More people are buying condos than ever before. The era of the house is over. Even the less populated metropolises are filling up. Tokyo and Shanghai the models for our future. They live in height.
This is a traditionally Jewish neighbourhood, today an Italian and Philippino one. The café is a Canadian chain. Old Jewish men walk by outside in the torrential heat, and they won’t be replaced. Maybe that’s why they’re walking in slow motion.
A man near me reads the paper and uncontrollably taps his fingers against his mouth, flap flap flap. When something jars him, he looks up and soon resumes the tapping but on his ears. Then he snaps out of it again, takes a sip from his bottle of water, and this time does something definitive. He folds up his paper and leaves.
One man in blue Tommy Hilfiger shorts here, another in a short-sleeved plaid button down there.
The older I get, the harder it is to write the word Man. Men are older people, guys are my peers. But these men I see, they’re men. Which makes me a woman.
Another man holding a yellow pen is hunched over a small piece of paper. He spends a lot of time with it. It looks like a receipt. His muffin is finished. He’s left crumbs all over the countertop.

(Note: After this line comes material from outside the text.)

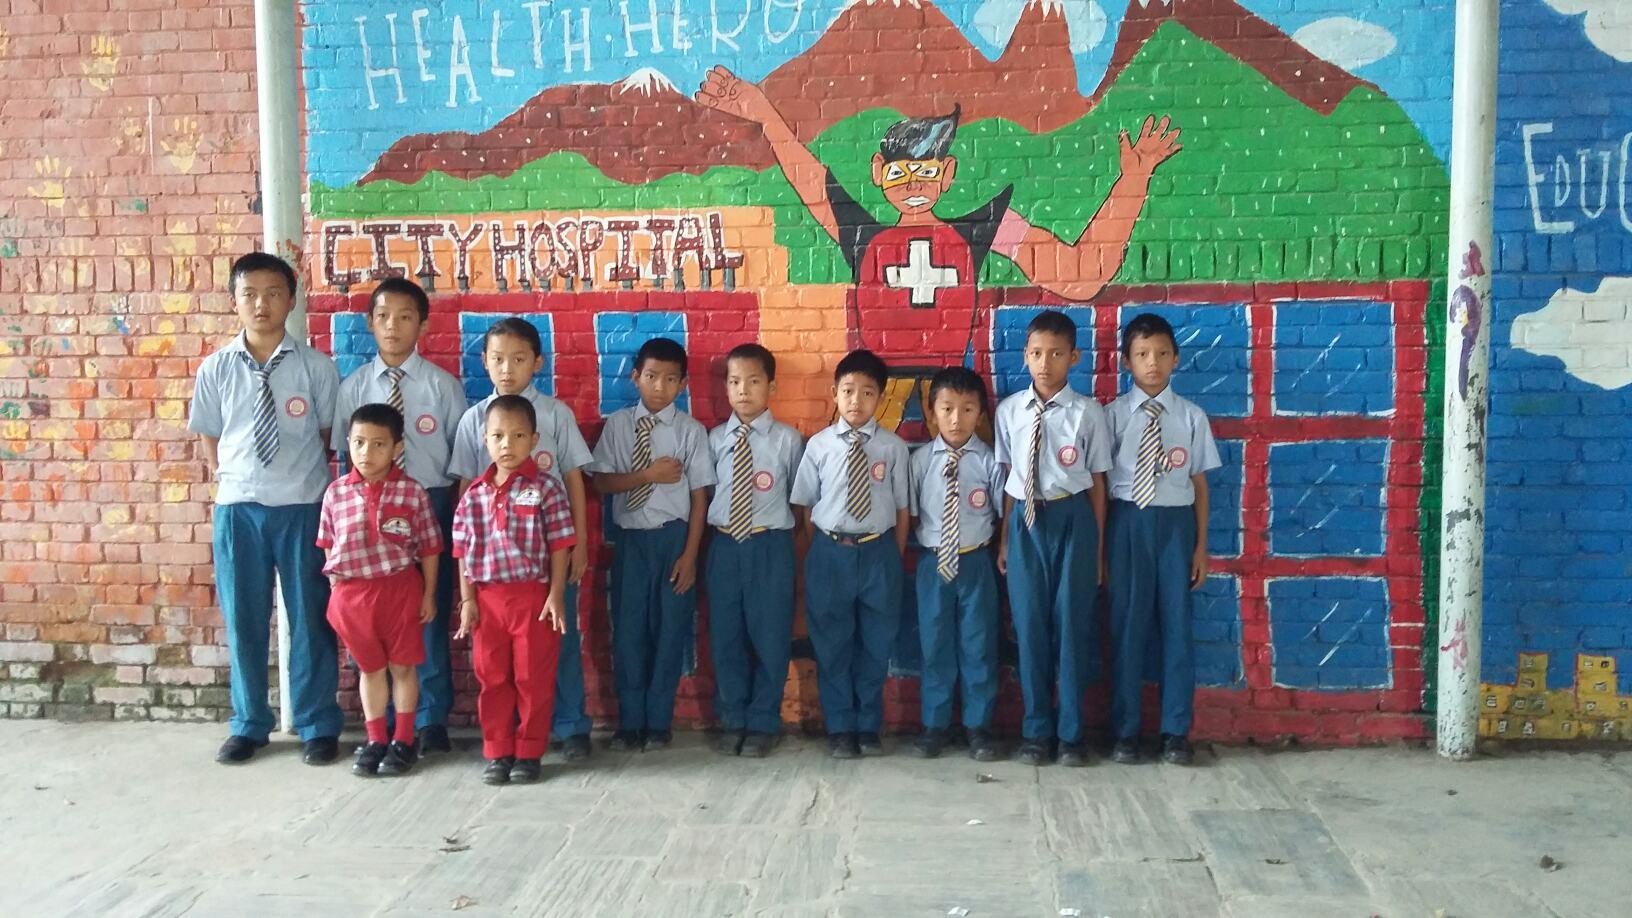 12 new students in school uniform 092215.jpg

Continued observation – I can’t help but notice even as I’m doing it – is not only the mark of not being able to put the pieces together. Pathological observation is like a frenzied silent film, too fast to be anywhere but on the surface, spinning over and over, past the buried search for patterns, plaid yellow Tommy Hilfiger shorts receipt tap flap flap water. The future historian will see value in this. The future human, gazing into this now-frozen pile of today, represented as words on pink paper, needing to dig up a collective past for everyone left – this human will love today’s observations. But for today’s observer, this is starting to seem an awful lot like sacrifice, even if this is a maudlin way of putting it. And this: am I bowing at the altar of tomorrow?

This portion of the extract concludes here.